In a victory for Massachusetts premises owners and their insurers, the Massachusetts Superior Court recently dismissed all claims against a group of twenty-three premises owners whom the Plaintiff alleged were liable (under both strict liability and negligence theories) for the development of the decedent’s asbestos-related mesothelioma. The Court denied claims of both strict liability and negligence against premises owners that either currently owned or are now the successor-in-interest to various worksites in eastern Massachusetts, including prominent hospitals, universities, and office buildings.
In Flynn v. A.W. Chesterton Co., (Massachusetts Superior Court, Middlesex, Civil Action 2011-3000), Massachusetts Superior Court Justice Charles J. Hely granted a joint motion of the twenty-three premises owners to dismiss all claims against them. This may have come as a surprise to the premises owners and their insurers, as just a few weeks earlier, Judge Hely, notwithstanding their opposition, granted the Plaintiff leave in order to add the premises owners as defendants in an amended complaint. The oppositions served by premises owners to the Plaintiff’s motion for leave to amend the complaint mirrored many of the same arguments again presented to the Court in their joint motion to dismiss, in particular, that strict liability and negligence were not adequately pleaded in the amended complaint, and that by definition, both allegations were inapplicable to premises owners under the circumstances.

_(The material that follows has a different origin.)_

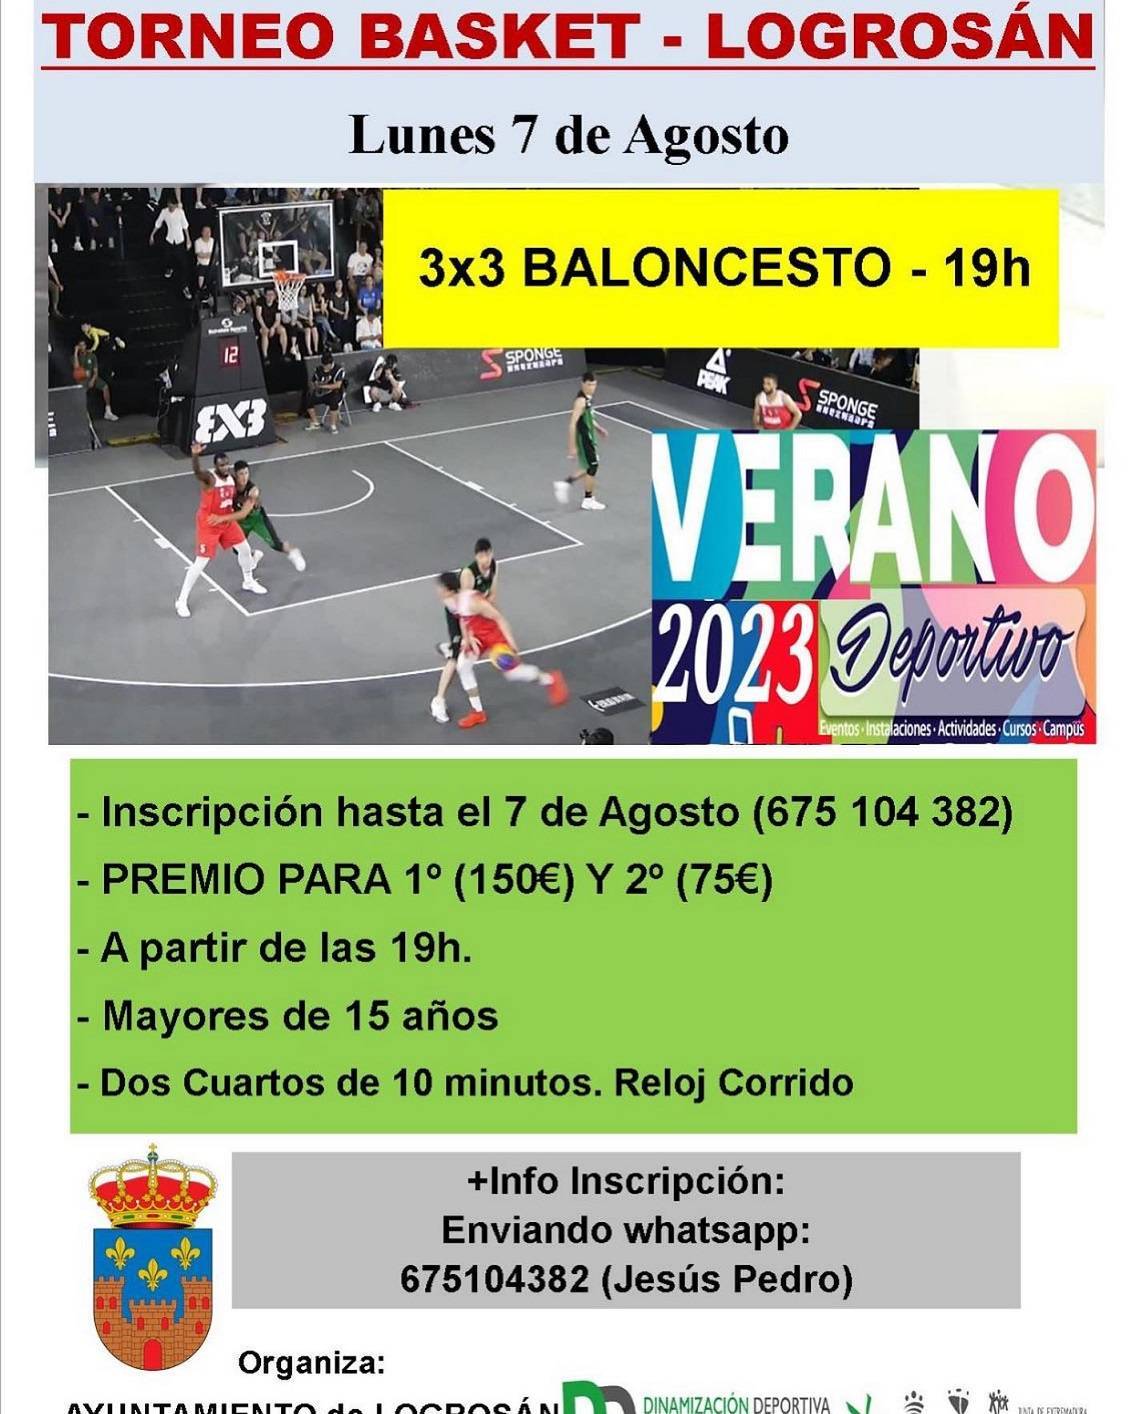 Torneo de basket (2023) - Logrosán (Cáceres)

The Court, citing the requirements for pleadings under Iannacchino v. Ford Motor Co. 451 Mass. 623 (2008) found that the Plaintiff had not alleged sufficient facts in the amended complaint for a determination on whether strict liability principles are applicable to the activities the premises owners were engaged in at the time of the decedent’s exposure to asbestos. “The complaint fails” the Court stated, “to adequately put the [premises owner] defendants on notice of the particular conduct by the [premises owner] defendants that would warrant application of a strict liability standard.” The Court noted that the amended complaint did not present any individualized fact allegations against any of the premises owners, i.e., a date, a year, a length of time, or an exact location pertaining to the decedent’s alleged exposure to asbestos at a location connected to a particular premises owner. The Court concluded that the plaintiff’s “conclusory fact allegations” were not enough to raise a strict liability right to relief “above the speculative level.” For the same reasons (lack of specific facts about each premises owner’s alleged negligent conduct), the Court also found the negligence count of the amended complaint insufficient to meet the Iannacchino standard.
The impact of this decision will likely be discovered sooner rather than later, as the plaintiff’s bar continues to attempt to bring new categories of defendants into the litigation, often with minimal or extremely attenuated connections to asbestos. The decision further supports the prevailing view in Massachusetts that strict liability is rarely applicable to defendants mired in the asbestos litigation. Plaintiff’s counsel will need to take this ruling into consideration and make every effort to plead specific facts in their complaints in order to survive an inevitable motion to dismiss from new categories of defendants. We will continue to monitor this and other developments in the asbestos litigation.